I was wondering, how do I put in an index number for n elements. The program provided asks you to enter the numbers and it puts them in descending order, but I need an index number to be put with the values you enter for n to be the same for that exact number you put in.

Here's the code I have:

#include <iostream>
using namespace std;

int Partition(int low,int high,int arr[]);
void Selection_sort(int low,int high,int arr[]);
int main()
{
int *a,n,low,high,i;
cout<<"/**************************Selection Sort Algorithm Implementation*****************/";
cout<<"Enter number of elements: ";
cin>>n;

a=new int[n];

cout<<"enter the elements: "<<endl;
for(i=0;i<n;i++)
{
cin >> a[i];
}
//for(i=0;i<n;i++)
//a[i]=rand()%100;


cout<<"Element: \tInitial Order of elements: \tIndex"<<endl;
 for(i=0;i<n;i++)
            
  cout<<i+1<<"\t"<<a[i]<<endl;


high=n-1;
low=0;
Selection_sort(low,high,a);
cout<<"Element: \tFinal Array After Sorting: \tIndex:"<<endl;

  for(i=0;i<n;i++)
  cout<<i+1<<"\t"<<a[i]<<endl;

system("pause");
return 0;

}


int Partition(int low,int high,int arr[])
{ int i,high_vac,low_vac,pivot/*,itr*/;
   pivot=arr[low];
   while(high>low)
{ high_vac=arr[high];

  while(pivot>high_vac)
  {
    if(high<=low) break;
    high--;
    high_vac=arr[high];
  }

  arr[low]=high_vac;
  low_vac=arr[low];
  while(pivot<low_vac)
  {
    if(high<=low) break;
    low++;
    low_vac=arr[low];
  }
  arr[high]=low_vac;
}
  arr[low]=pivot;
   return low;
}

void Selection_sort(int low,int high,int arr[])
{
  int Piv_index,i;
  if(low<high)
  {
   Piv_index=Partition(low,high,arr);
   Selection_sort(low,Piv_index-1,arr);
   Selection_sort(Piv_index+1,high,arr);
  }
}

Thanks for your help

Member Avatar for iamthwee

Sounds like you need a parallel array or class/struct?

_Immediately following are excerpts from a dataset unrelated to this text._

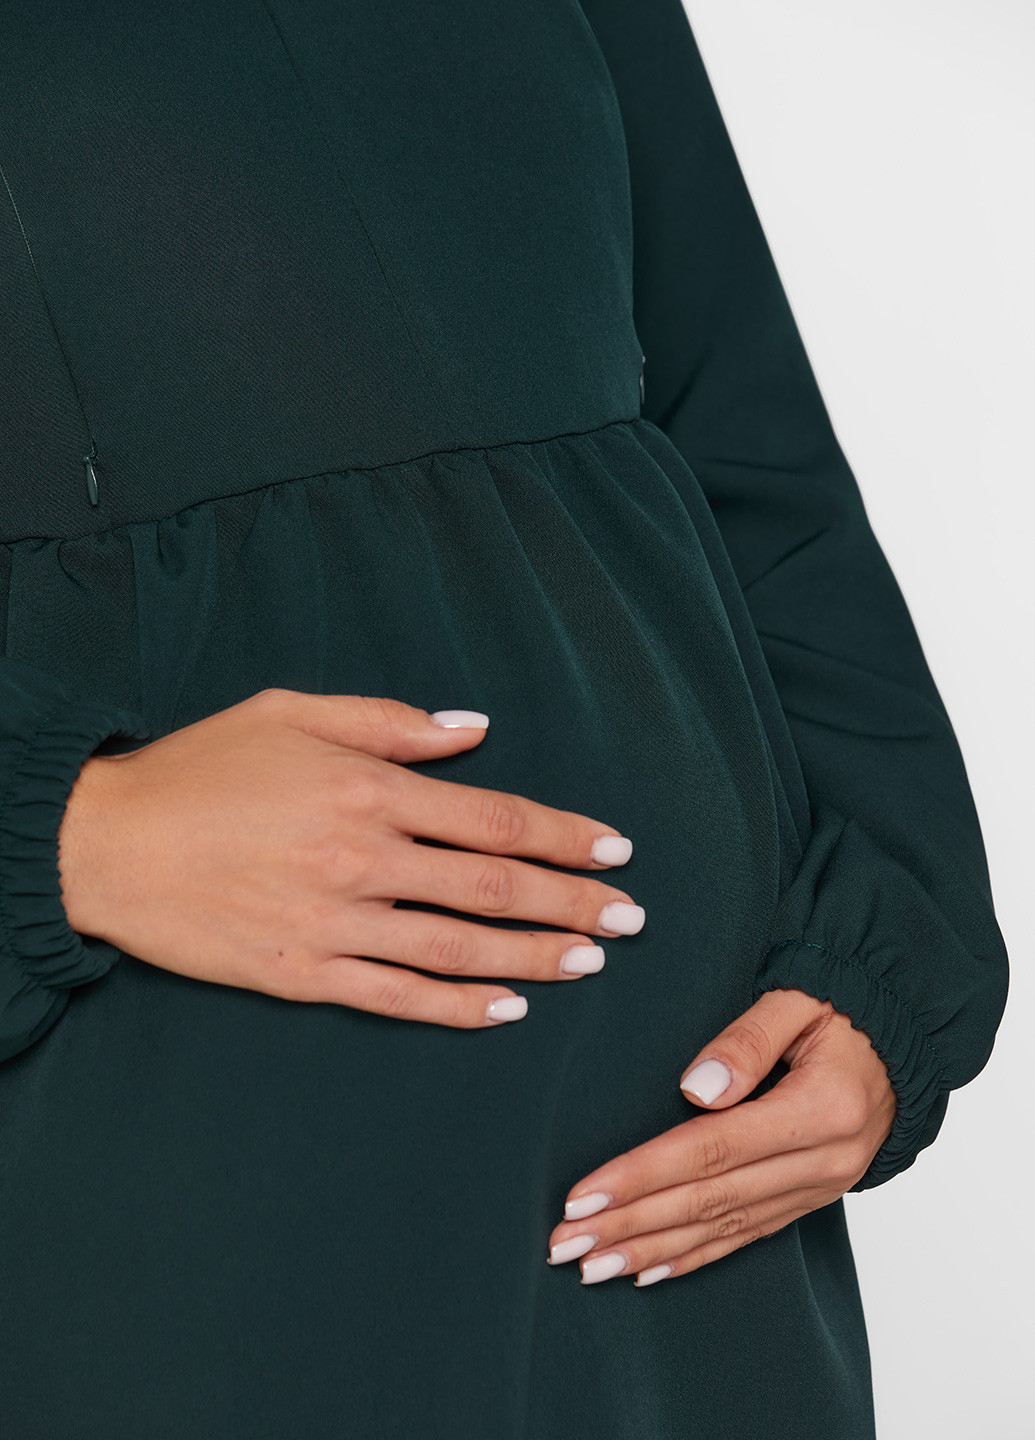 Зелена кежуал плаття для вагітних Lullababe однотонна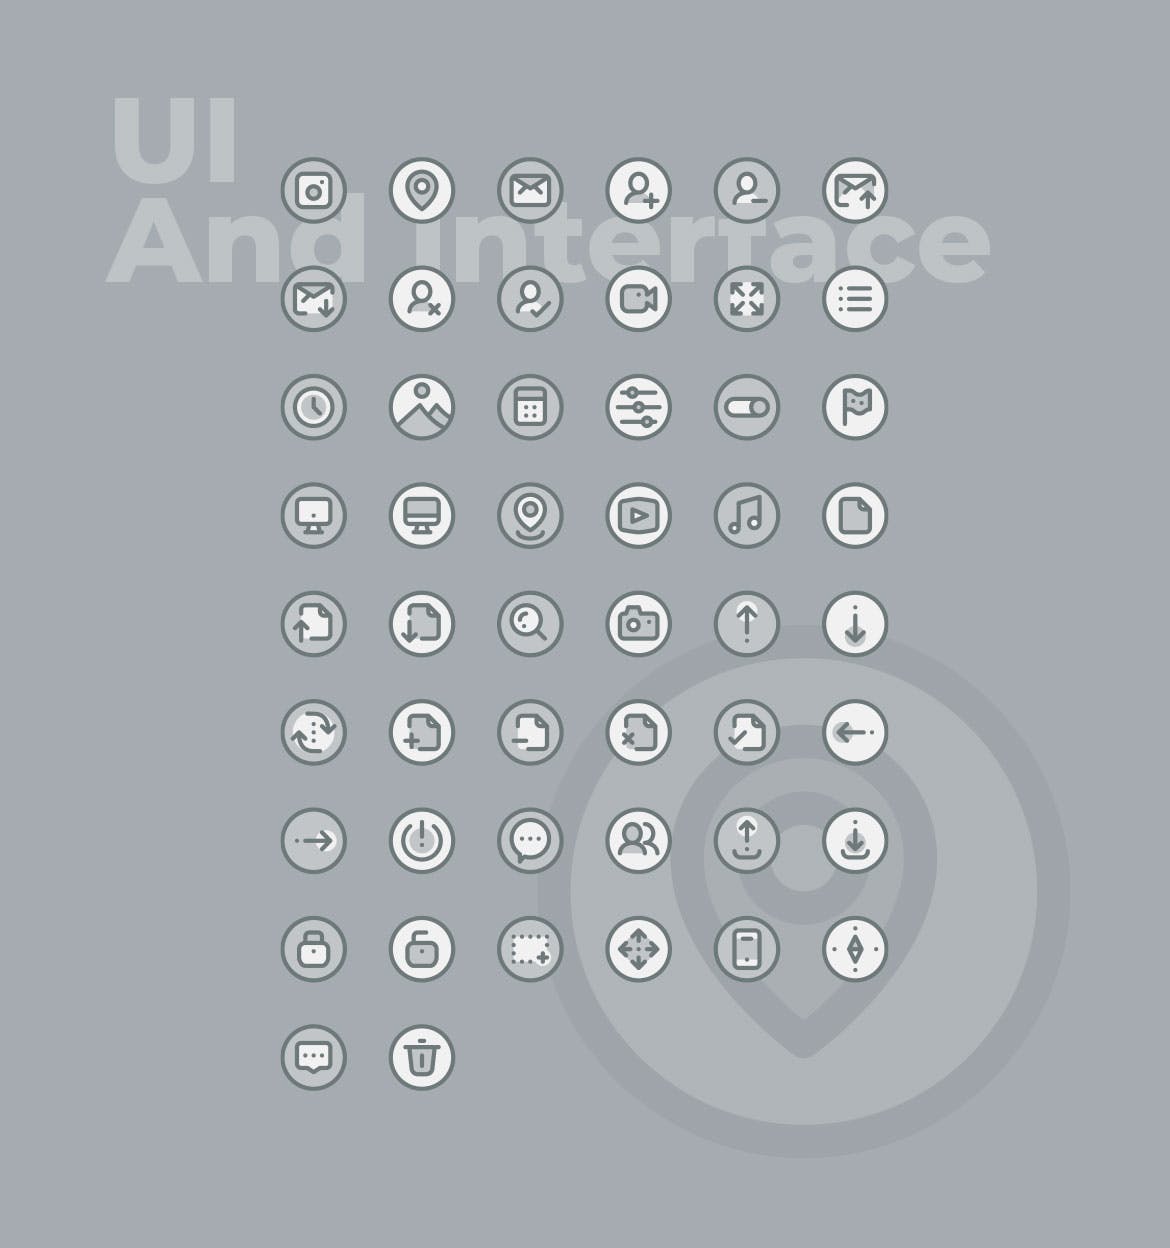 50枚UI用户界面主题双色调矢量第一素材精选图标 50 UI And Interface Icons  –  Two Tone Style插图(1)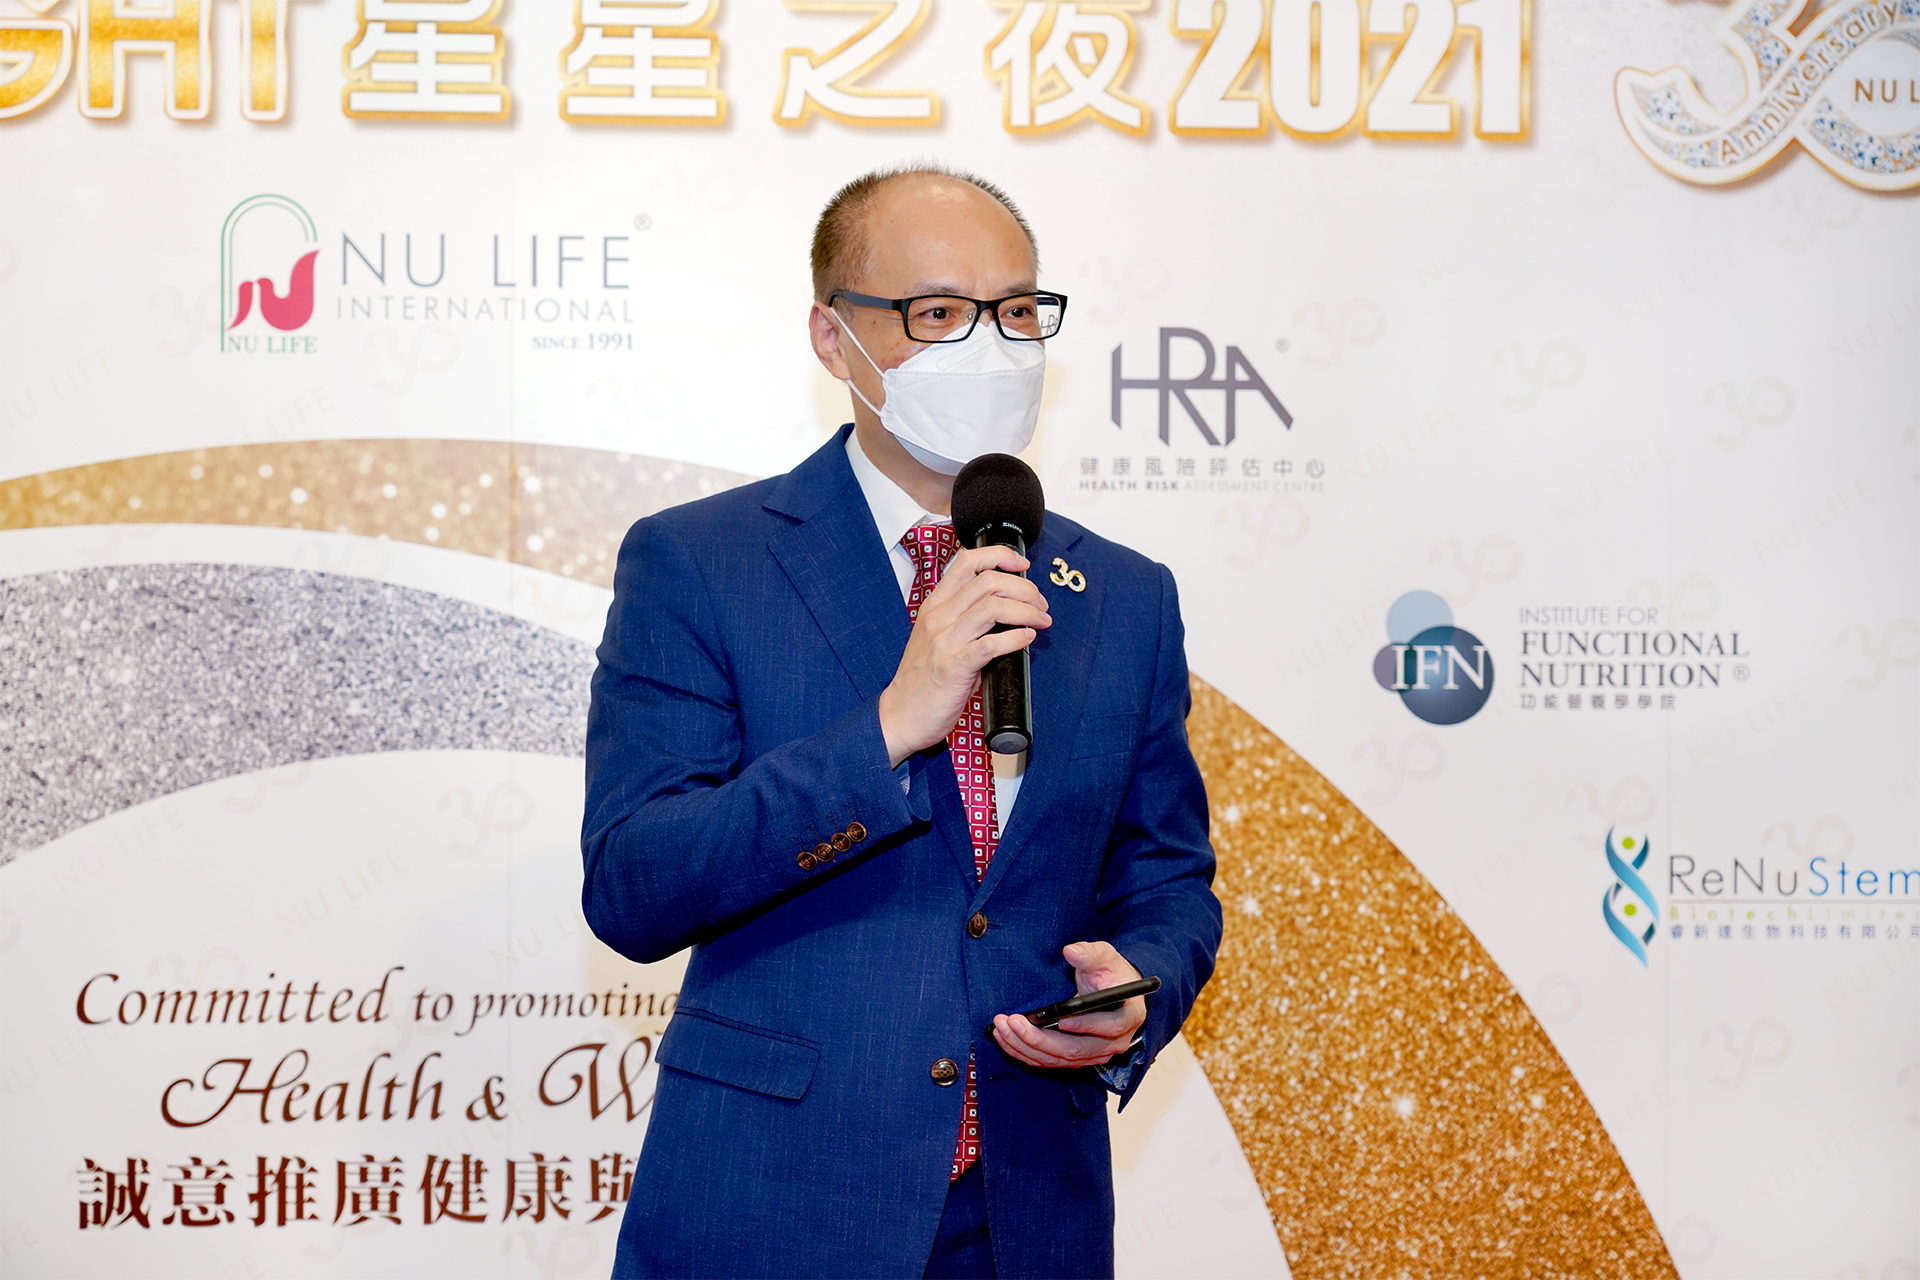 劉SIR公布「我最響往的生活」演講比賽初賽結果

Yet another orphan post (see http://www.daniweb.com/forums/thread148725.html - 3 hours later). Alas, the post header does not bear a relation to the true problem (as in the 2nd thread too ;)).
Don't forget to mark this orphan as solved too when you will get an answer to the 2nd thread (better use one problem/one thread approach in future ;))...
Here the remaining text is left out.